[<prev] [next>] [<thread-prev] [thread-next>] [day] [month] [year] [list]
Message-Id: <20211125232118.2644060-5-vladimir.oltean@nxp.com>
Date: Fri, 26 Nov 2021 01:21:18 +0200
From: Vladimir Oltean <vladimir.oltean@....com>
To: netdev@...r.kernel.org, Po Liu <po.liu@....com>
Cc: "David S. Miller" <davem@...emloft.net>,
Jakub Kicinski <kuba@...nel.org>,
Claudiu Manoil <claudiu.manoil@....com>,
Alexandre Belloni <alexandre.belloni@...tlin.com>,
Antoine Tenart <atenart@...nel.org>,
UNGLinuxDriver@...rochip.com, Andrew Lunn <andrew@...n.ch>,
Vivien Didelot <vivien.didelot@...il.com>,
Florian Fainelli <f.fainelli@...il.com>,
Xiaoliang Yang <xiaoliang.yang_1@....com>,
Yangbo Lu <yangbo.lu@....com>, Rui Sousa <rui.sousa@....com>,
Richard Cochran <richardcochran@...il.com>,
"Allan W . Nielsen" <allan.nielsen@...rochip.com>
Subject: [PATCH net-next 4/4] net: mscc: ocelot: set up traps for PTP packets
IEEE 1588 support was declared too soon for the Ocelot switch. Out of
reset, this switch does not apply any special treatment for PTP packets,
i.e. when an event message is received, the natural tendency is to
forward it by MAC DA/VLAN ID. This poses a problem when the ingress port
is under a bridge, since user space application stacks (written
primarily for endpoint ports, not switches) like ptp4l expect that PTP
messages are always received on AF_PACKET / AF_INET sockets (depending
on the PTP transport being used), and never being autonomously
forwarded. Any forwarding, if necessary (for example in Transparent
Clock mode) is handled in software by ptp4l. Having the hardware forward
these packets too will cause duplicates which will confuse endpoints
connected to these switches.
So PTP over L2 barely works, in the sense that PTP packets reach the CPU
port, but they reach it via flooding, and therefore reach lots of other
unwanted destinations too. But PTP over IPv4/IPv6 does not work at all.
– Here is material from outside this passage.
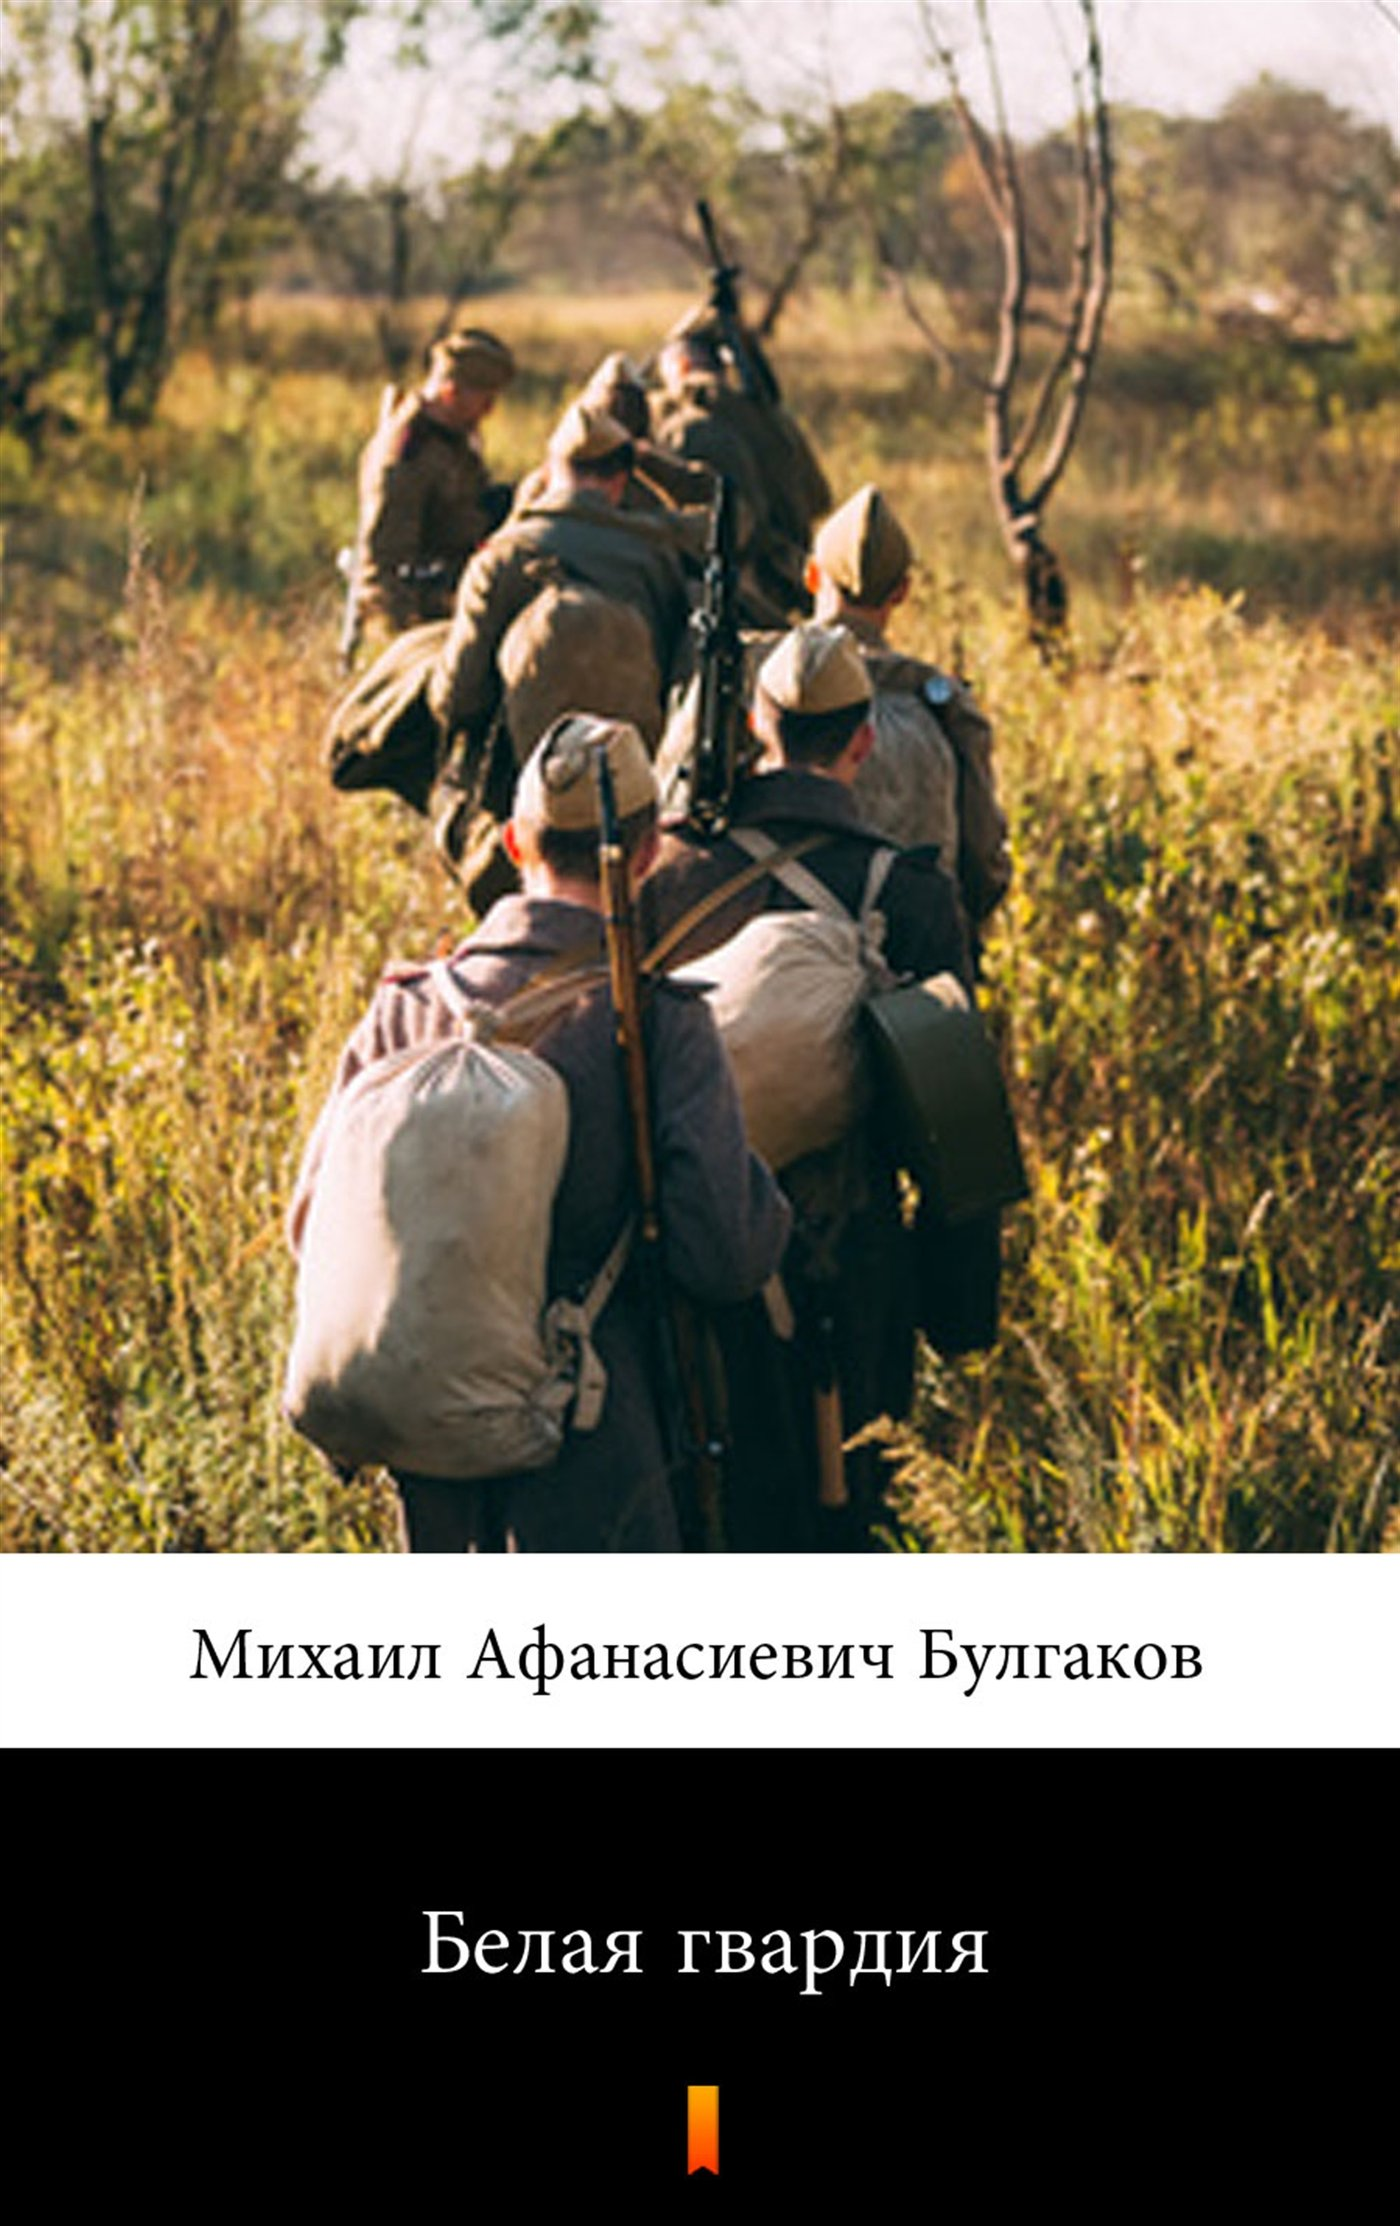 Белая гвардия - Ebook (Książka EPUB) do pobrania w formacie EPUB
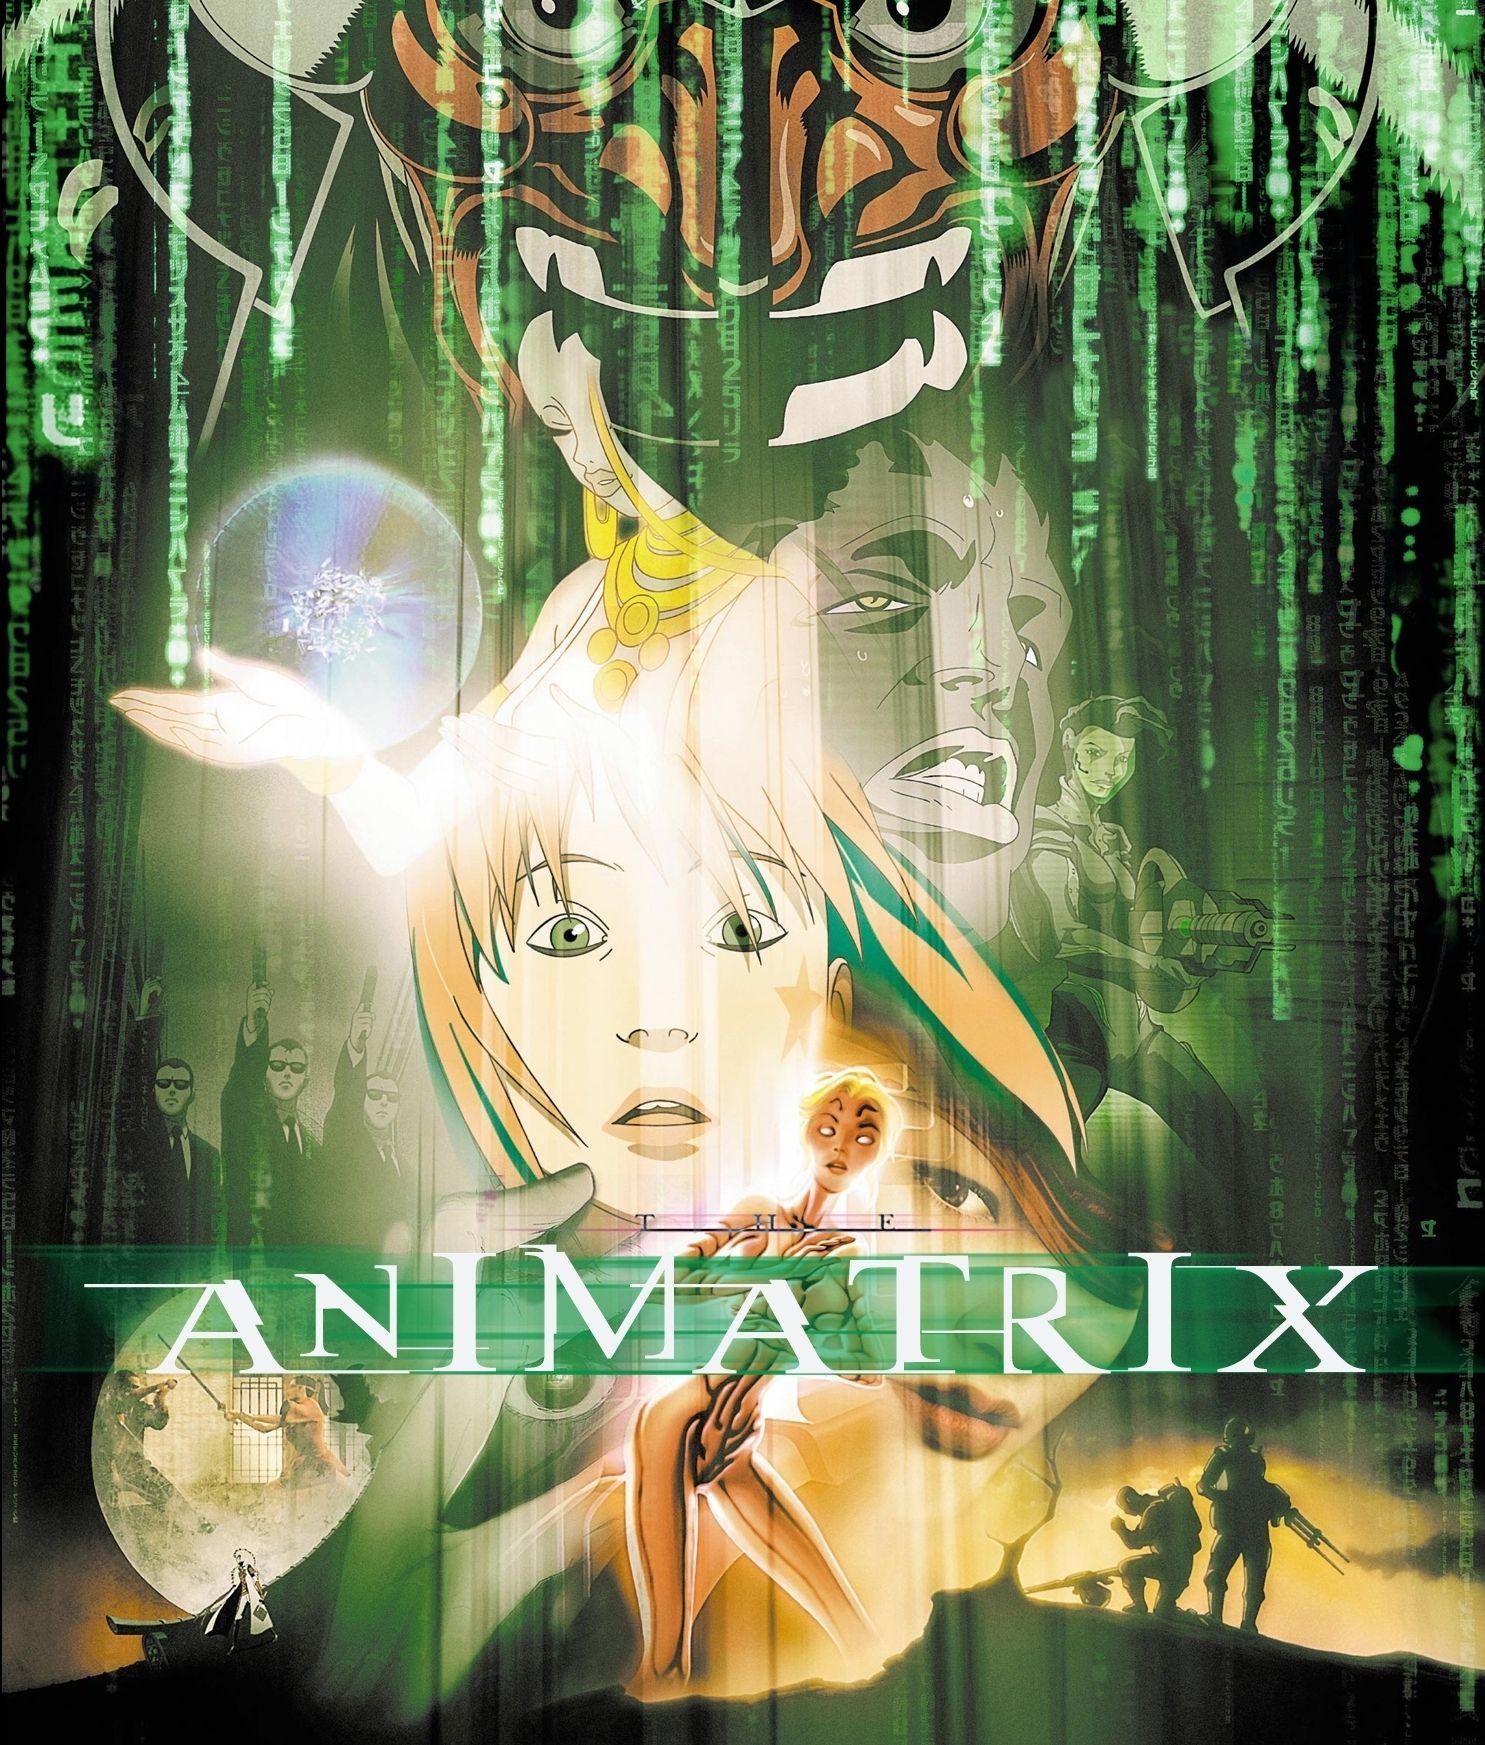 The Animatrix [2003] The animatrix, Anime, Animation

This is because the Ocelot switch have a separate destination port mask
for unknown IP multicast (which PTP over IP is) flooding compared to
unknown non-IP multicast (which PTP over L2 is) flooding. Specifically,
the driver allows the CPU port to be in the PGID_MC port group, but not
in PGID_MCIPV4 and PGID_MCIPV6. There are several presentations from
Allan Nielsen which explain that the embedded MIPS CPU on Ocelot
switches is not very powerful at all, so every penny they could save by
not allowing flooding to the CPU port module matters. Unknown IP
multicast did not make it.
The de facto consensus is that when a switch is PTP-aware and an
application stack for PTP is running, switches should have some sort of
trapping mechanism for PTP packets, to extract them from the hardware
data path. This avoids both problems:
(a) PTP packets are no longer flooded to unwanted destinations
(b) PTP over IP packets are no longer denied from reaching the CPU since
they arrive there via a trap and not via flooding
It is not the first time when this change is attempted. Last time, the
feedback from Allan Nielsen and Andrew Lunn was that the traps should
not be installed by default, and that PTP-unaware switching may be
desired for some use cases:
https://patchwork.ozlabs.org/project/netdev/patch/20190813025214.18601-5-yangbo.lu@nxp.com/
To address that feedback, the present patch adds the necessary packet
traps according to the RX filter configuration transmitted by user space
through the SIOCSHWTSTAMP ioctl. Trapping is done via VCAP IS2, where we
keep 5 filters, which are amended each time RX timestamping is enabled
or disabled on a port:
- 1 for PTP over L2
- 2 for PTP over IPv4 (UDP ports 319 and 320)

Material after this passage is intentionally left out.